• [TASK]
Copy out the listing below exactly, please, and skip any pictures.

• [DATA EXTRACT]
----
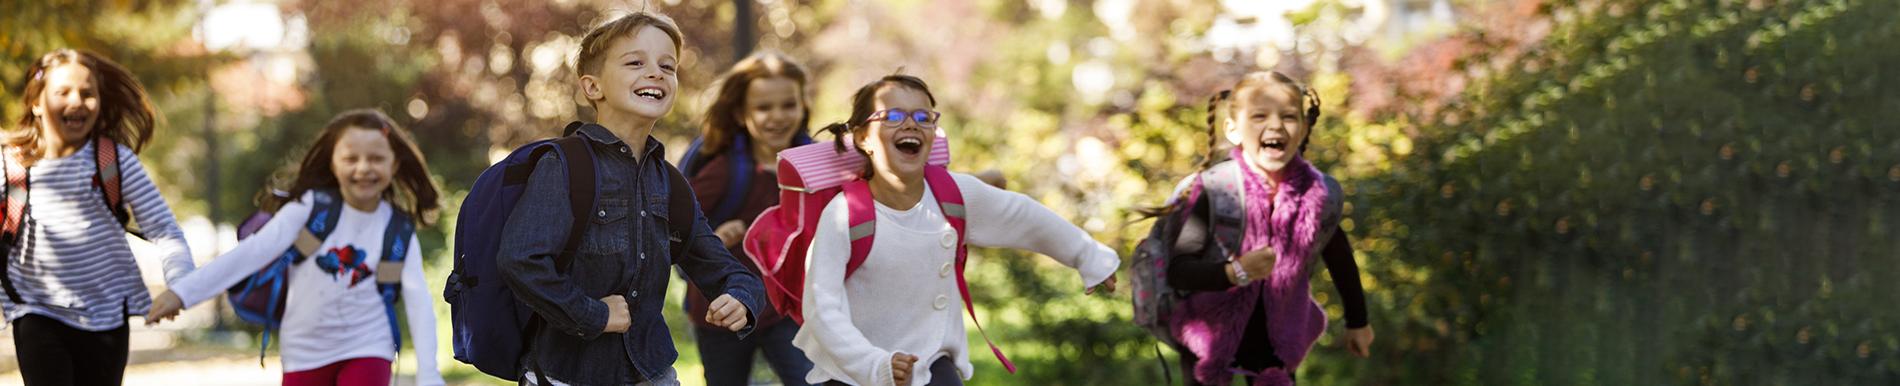 https://www.healthychildren.org/SiteCollectionImage-Homepage-Banners/BacktoSchoolBanner_es.jpg
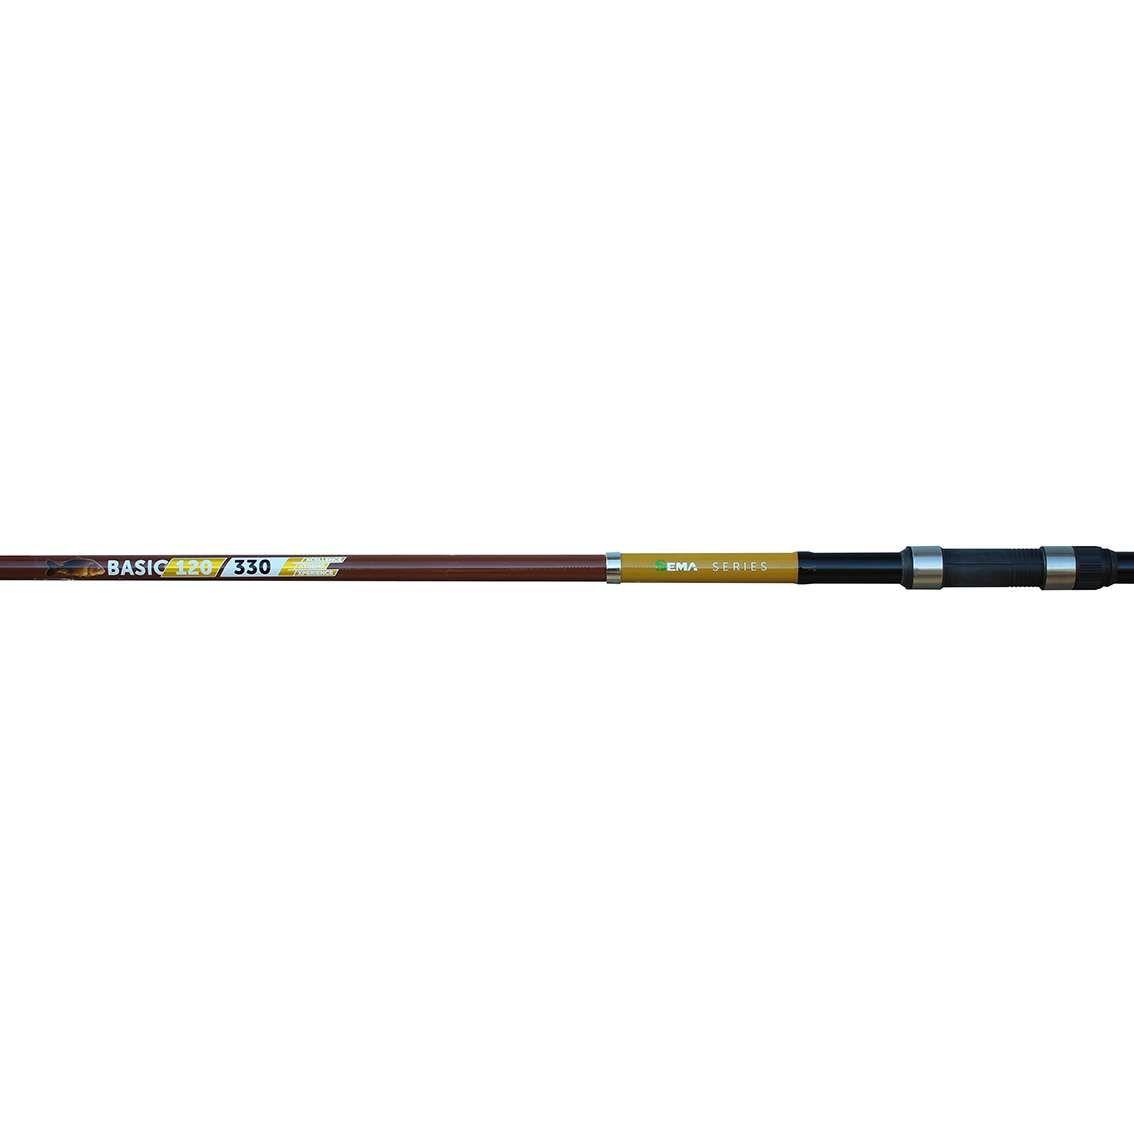 Rybársky prút Sema Basic Tele 3m 30-60g
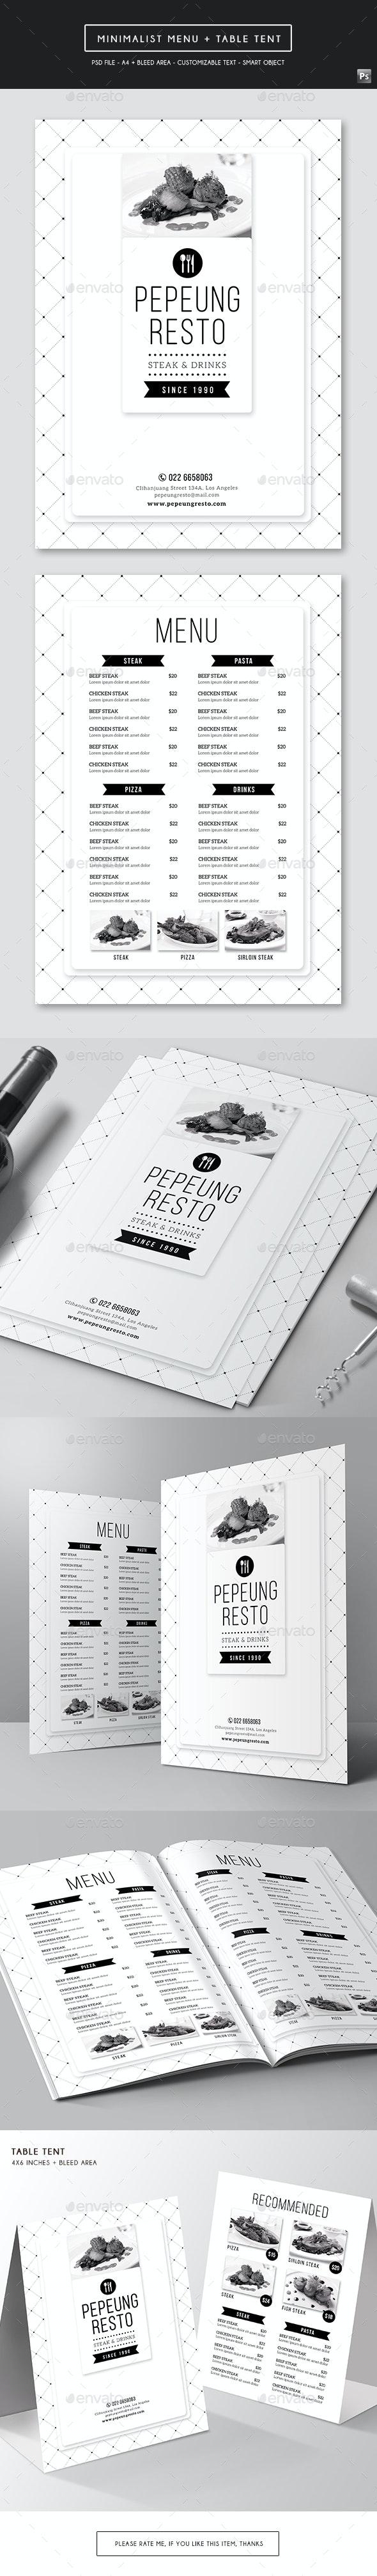 Minimalist Menu + Table Tent - Food Menus Print Templates
----
• [RESPONSE TO THIS EXERCISE]
 https://www.healthychildren.org/SiteCollectionImage-Homepage-Banners/BacktoSchoolBanner_es.jpg
 Rybársky prút Sema Basic Tele 3m 30-60g
 Minimalist Menu + Table Tent - Food Menus Print Templates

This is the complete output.